### Exercise materials

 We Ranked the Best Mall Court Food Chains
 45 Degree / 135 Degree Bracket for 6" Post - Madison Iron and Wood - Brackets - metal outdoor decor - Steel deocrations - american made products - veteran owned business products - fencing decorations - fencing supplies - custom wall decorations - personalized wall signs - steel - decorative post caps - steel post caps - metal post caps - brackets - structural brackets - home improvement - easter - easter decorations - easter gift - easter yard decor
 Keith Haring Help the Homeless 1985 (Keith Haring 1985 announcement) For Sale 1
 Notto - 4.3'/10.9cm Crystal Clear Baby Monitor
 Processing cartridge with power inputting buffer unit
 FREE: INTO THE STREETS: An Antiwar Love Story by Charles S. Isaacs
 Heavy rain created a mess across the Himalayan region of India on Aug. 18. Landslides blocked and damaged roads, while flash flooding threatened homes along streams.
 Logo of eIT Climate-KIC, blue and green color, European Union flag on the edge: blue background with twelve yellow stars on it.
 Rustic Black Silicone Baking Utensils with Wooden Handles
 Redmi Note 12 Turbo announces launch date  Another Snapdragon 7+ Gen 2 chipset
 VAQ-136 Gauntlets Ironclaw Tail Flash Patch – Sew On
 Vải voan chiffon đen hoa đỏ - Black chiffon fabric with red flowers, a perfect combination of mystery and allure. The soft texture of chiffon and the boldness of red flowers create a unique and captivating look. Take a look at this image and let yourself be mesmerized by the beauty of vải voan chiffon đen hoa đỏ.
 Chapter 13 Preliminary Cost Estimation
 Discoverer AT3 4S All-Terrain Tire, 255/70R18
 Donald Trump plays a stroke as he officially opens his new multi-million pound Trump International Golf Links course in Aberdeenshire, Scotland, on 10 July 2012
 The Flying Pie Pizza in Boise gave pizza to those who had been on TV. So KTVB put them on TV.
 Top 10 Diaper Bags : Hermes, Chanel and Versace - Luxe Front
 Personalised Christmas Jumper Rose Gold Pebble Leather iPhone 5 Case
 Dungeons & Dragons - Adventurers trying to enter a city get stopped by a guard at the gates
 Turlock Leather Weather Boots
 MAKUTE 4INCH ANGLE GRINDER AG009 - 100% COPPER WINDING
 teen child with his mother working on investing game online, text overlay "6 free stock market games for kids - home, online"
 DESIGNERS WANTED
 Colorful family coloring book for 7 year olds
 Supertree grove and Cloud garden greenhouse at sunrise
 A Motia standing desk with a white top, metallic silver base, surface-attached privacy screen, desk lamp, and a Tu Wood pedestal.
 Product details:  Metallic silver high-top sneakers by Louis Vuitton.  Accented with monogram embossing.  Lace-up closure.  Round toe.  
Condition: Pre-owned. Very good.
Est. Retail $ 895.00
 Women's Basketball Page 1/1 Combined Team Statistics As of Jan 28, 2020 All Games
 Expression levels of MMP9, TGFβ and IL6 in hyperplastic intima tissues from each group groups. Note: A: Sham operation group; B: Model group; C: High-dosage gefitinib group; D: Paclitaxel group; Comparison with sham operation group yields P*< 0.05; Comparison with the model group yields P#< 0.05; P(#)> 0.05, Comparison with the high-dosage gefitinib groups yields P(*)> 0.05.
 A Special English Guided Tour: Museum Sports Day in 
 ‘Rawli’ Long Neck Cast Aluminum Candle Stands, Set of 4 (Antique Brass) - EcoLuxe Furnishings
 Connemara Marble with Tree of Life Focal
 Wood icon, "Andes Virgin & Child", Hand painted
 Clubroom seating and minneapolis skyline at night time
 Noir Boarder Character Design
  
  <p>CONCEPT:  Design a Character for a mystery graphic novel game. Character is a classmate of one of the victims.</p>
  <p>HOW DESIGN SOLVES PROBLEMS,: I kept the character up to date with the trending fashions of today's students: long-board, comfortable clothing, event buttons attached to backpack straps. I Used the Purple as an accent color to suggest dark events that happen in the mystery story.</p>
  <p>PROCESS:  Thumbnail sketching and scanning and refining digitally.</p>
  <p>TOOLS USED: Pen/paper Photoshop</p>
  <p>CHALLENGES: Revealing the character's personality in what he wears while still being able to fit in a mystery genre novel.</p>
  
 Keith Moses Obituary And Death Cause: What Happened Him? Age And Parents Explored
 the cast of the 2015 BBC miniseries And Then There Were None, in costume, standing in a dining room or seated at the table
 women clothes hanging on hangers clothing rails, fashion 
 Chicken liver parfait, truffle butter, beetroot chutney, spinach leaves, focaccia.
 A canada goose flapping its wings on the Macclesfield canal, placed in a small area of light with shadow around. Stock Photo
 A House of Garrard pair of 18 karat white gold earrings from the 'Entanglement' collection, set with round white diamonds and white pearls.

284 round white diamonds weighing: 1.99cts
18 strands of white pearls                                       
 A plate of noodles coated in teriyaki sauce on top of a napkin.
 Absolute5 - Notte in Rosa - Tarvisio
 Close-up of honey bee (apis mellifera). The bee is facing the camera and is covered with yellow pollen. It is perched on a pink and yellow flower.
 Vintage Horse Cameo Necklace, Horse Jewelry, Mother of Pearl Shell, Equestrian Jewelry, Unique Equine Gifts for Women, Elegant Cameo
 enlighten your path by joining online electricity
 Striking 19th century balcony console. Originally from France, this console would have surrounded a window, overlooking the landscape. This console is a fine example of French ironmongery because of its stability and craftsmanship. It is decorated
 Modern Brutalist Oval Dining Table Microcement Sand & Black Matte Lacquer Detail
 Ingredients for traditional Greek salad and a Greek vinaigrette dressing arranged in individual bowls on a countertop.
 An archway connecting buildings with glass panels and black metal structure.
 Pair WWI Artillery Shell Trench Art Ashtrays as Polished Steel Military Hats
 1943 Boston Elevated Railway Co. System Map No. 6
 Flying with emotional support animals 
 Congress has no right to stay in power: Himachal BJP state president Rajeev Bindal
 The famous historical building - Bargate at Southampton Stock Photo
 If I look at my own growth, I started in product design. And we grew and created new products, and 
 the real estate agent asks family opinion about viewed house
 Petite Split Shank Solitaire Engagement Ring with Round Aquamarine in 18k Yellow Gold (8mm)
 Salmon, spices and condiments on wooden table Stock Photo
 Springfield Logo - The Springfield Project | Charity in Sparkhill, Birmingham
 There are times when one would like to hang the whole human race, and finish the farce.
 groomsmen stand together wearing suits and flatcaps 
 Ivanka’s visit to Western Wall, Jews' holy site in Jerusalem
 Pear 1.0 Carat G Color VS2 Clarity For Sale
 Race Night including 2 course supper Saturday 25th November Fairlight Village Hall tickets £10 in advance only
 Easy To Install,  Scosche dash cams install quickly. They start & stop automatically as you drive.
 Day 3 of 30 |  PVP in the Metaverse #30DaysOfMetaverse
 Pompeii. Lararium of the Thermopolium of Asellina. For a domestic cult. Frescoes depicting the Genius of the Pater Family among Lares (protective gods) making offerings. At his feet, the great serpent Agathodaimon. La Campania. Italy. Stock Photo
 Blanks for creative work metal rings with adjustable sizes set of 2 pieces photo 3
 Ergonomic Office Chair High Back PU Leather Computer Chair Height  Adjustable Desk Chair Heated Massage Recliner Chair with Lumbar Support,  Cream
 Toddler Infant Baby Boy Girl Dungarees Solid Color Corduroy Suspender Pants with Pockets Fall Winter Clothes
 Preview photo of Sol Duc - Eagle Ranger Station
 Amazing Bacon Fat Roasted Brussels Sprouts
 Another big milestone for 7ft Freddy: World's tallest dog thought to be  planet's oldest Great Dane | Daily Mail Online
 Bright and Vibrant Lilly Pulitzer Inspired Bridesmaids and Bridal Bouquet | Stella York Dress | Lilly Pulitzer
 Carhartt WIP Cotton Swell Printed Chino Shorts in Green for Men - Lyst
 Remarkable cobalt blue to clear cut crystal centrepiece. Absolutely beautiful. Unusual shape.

### What you should do
Would you please give back all of the material above exactly as it stands?

### Finished exercise
 We Ranked the Best Mall Court Food Chains
 45 Degree / 135 Degree Bracket for 6" Post - Madison Iron and Wood - Brackets - metal outdoor decor - Steel deocrations - american made products - veteran owned business products - fencing decorations - fencing supplies - custom wall decorations - personalized wall signs - steel - decorative post caps - steel post caps - metal post caps - brackets - structural brackets - home improvement - easter - easter decorations - easter gift - easter yard decor
 Keith Haring Help the Homeless 1985 (Keith Haring 1985 announcement) For Sale 1
 Notto - 4.3'/10.9cm Crystal Clear Baby Monitor
 Processing cartridge with power inputting buffer unit
 FREE: INTO THE STREETS: An Antiwar Love Story by Charles S. Isaacs
 Heavy rain created a mess across the Himalayan region of India on Aug. 18. Landslides blocked and damaged roads, while flash flooding threatened homes along streams.
 Logo of eIT Climate-KIC, blue and green color, European Union flag on the edge: blue background with twelve yellow stars on it.
 Rustic Black Silicone Baking Utensils with Wooden Handles
 Redmi Note 12 Turbo announces launch date  Another Snapdragon 7+ Gen 2 chipset
 VAQ-136 Gauntlets Ironclaw Tail Flash Patch – Sew On
 Vải voan chiffon đen hoa đỏ - Black chiffon fabric with red flowers, a perfect combination of mystery and allure. The soft texture of chiffon and the boldness of red flowers create a unique and captivating look. Take a look at this image and let yourself be mesmerized by the beauty of vải voan chiffon đen hoa đỏ.
 Chapter 13 Preliminary Cost Estimation
 Discoverer AT3 4S All-Terrain Tire, 255/70R18
 Donald Trump plays a stroke as he officially opens his new multi-million pound Trump International Golf Links course in Aberdeenshire, Scotland, on 10 July 2012
 The Flying Pie Pizza in Boise gave pizza to those who had been on TV. So KTVB put them on TV.
 Top 10 Diaper Bags : Hermes, Chanel and Versace - Luxe Front
 Personalised Christmas Jumper Rose Gold Pebble Leather iPhone 5 Case
 Dungeons & Dragons - Adventurers trying to enter a city get stopped by a guard at the gates
 Turlock Leather Weather Boots
 MAKUTE 4INCH ANGLE GRINDER AG009 - 100% COPPER WINDING
 teen child with his mother working on investing game online, text overlay "6 free stock market games for kids - home, online"
 DESIGNERS WANTED
 Colorful family coloring book for 7 year olds
 Supertree grove and Cloud garden greenhouse at sunrise
 A Motia standing desk with a white top, metallic silver base, surface-attached privacy screen, desk lamp, and a Tu Wood pedestal.
 Product details:  Metallic silver high-top sneakers by Louis Vuitton.  Accented with monogram embossing.  Lace-up closure.  Round toe.  
Condition: Pre-owned. Very good.
Est. Retail $ 895.00
 Women's Basketball Page 1/1 Combined Team Statistics As of Jan 28, 2020 All Games
 Expression levels of MMP9, TGFβ and IL6 in hyperplastic intima tissues from each group groups. Note: A: Sham operation group; B: Model group; C: High-dosage gefitinib group; D: Paclitaxel group; Comparison with sham operation group yields P*< 0.05; Comparison with the model group yields P#< 0.05; P(#)> 0.05, Comparison with the high-dosage gefitinib groups yields P(*)> 0.05.
 A Special English Guided Tour: Museum Sports Day in 
 ‘Rawli’ Long Neck Cast Aluminum Candle Stands, Set of 4 (Antique Brass) - EcoLuxe Furnishings
 Connemara Marble with Tree of Life Focal
 Wood icon, "Andes Virgin & Child", Hand painted
 Clubroom seating and minneapolis skyline at night time
 Noir Boarder Character Design
  
  <p>CONCEPT:  Design a Character for a mystery graphic novel game. Character is a classmate of one of the victims.</p>
  <p>HOW DESIGN SOLVES PROBLEMS,: I kept the character up to date with the trending fashions of today's students: long-board, comfortable clothing, event buttons attached to backpack straps. I Used the Purple as an accent color to suggest dark events that happen in the mystery story.</p>
  <p>PROCESS:  Thumbnail sketching and scanning and refining digitally.</p>
  <p>TOOLS USED: Pen/paper Photoshop</p>
  <p>CHALLENGES: Revealing the character's personality in what he wears while still being able to fit in a mystery genre novel.</p>
  
 Keith Moses Obituary And Death Cause: What Happened Him? Age And Parents Explored
 the cast of the 2015 BBC miniseries And Then There Were None, in costume, standing in a dining room or seated at the table
 women clothes hanging on hangers clothing rails, fashion 
 Chicken liver parfait, truffle butter, beetroot chutney, spinach leaves, focaccia.
 A canada goose flapping its wings on the Macclesfield canal, placed in a small area of light with shadow around. Stock Photo
 A House of Garrard pair of 18 karat white gold earrings from the 'Entanglement' collection, set with round white diamonds and white pearls.

284 round white diamonds weighing: 1.99cts
18 strands of white pearls                                       
 A plate of noodles coated in teriyaki sauce on top of a napkin.
 Absolute5 - Notte in Rosa - Tarvisio
 Close-up of honey bee (apis mellifera). The bee is facing the camera and is covered with yellow pollen. It is perched on a pink and yellow flower.
 Vintage Horse Cameo Necklace, Horse Jewelry, Mother of Pearl Shell, Equestrian Jewelry, Unique Equine Gifts for Women, Elegant Cameo
 enlighten your path by joining online electricity
 Striking 19th century balcony console. Originally from France, this console would have surrounded a window, overlooking the landscape. This console is a fine example of French ironmongery because of its stability and craftsmanship. It is decorated
 Modern Brutalist Oval Dining Table Microcement Sand & Black Matte Lacquer Detail
 Ingredients for traditional Greek salad and a Greek vinaigrette dressing arranged in individual bowls on a countertop.
 An archway connecting buildings with glass panels and black metal structure.
 Pair WWI Artillery Shell Trench Art Ashtrays as Polished Steel Military Hats
 1943 Boston Elevated Railway Co. System Map No. 6
 Flying with emotional support animals 
 Congress has no right to stay in power: Himachal BJP state president Rajeev Bindal
 The famous historical building - Bargate at Southampton Stock Photo
 If I look at my own growth, I started in product design. And we grew and created new products, and 
 the real estate agent asks family opinion about viewed house
 Petite Split Shank Solitaire Engagement Ring with Round Aquamarine in 18k Yellow Gold (8mm)
 Salmon, spices and condiments on wooden table Stock Photo
 Springfield Logo - The Springfield Project | Charity in Sparkhill, Birmingham
 There are times when one would like to hang the whole human race, and finish the farce.
 groomsmen stand together wearing suits and flatcaps 
 Ivanka’s visit to Western Wall, Jews' holy site in Jerusalem
 Pear 1.0 Carat G Color VS2 Clarity For Sale
 Race Night including 2 course supper Saturday 25th November Fairlight Village Hall tickets £10 in advance only
 Easy To Install,  Scosche dash cams install quickly. They start & stop automatically as you drive.
 Day 3 of 30 |  PVP in the Metaverse #30DaysOfMetaverse
 Pompeii. Lararium of the Thermopolium of Asellina. For a domestic cult. Frescoes depicting the Genius of the Pater Family among Lares (protective gods) making offerings. At his feet, the great serpent Agathodaimon. La Campania. Italy. Stock Photo
 Blanks for creative work metal rings with adjustable sizes set of 2 pieces photo 3
 Ergonomic Office Chair High Back PU Leather Computer Chair Height  Adjustable Desk Chair Heated Massage Recliner Chair with Lumbar Support,  Cream
 Toddler Infant Baby Boy Girl Dungarees Solid Color Corduroy Suspender Pants with Pockets Fall Winter Clothes
 Preview photo of Sol Duc - Eagle Ranger Station
 Amazing Bacon Fat Roasted Brussels Sprouts
 Another big milestone for 7ft Freddy: World's tallest dog thought to be  planet's oldest Great Dane | Daily Mail Online
 Bright and Vibrant Lilly Pulitzer Inspired Bridesmaids and Bridal Bouquet | Stella York Dress | Lilly Pulitzer
 Carhartt WIP Cotton Swell Printed Chino Shorts in Green for Men - Lyst
 Remarkable cobalt blue to clear cut crystal centrepiece. Absolutely beautiful. Unusual shape.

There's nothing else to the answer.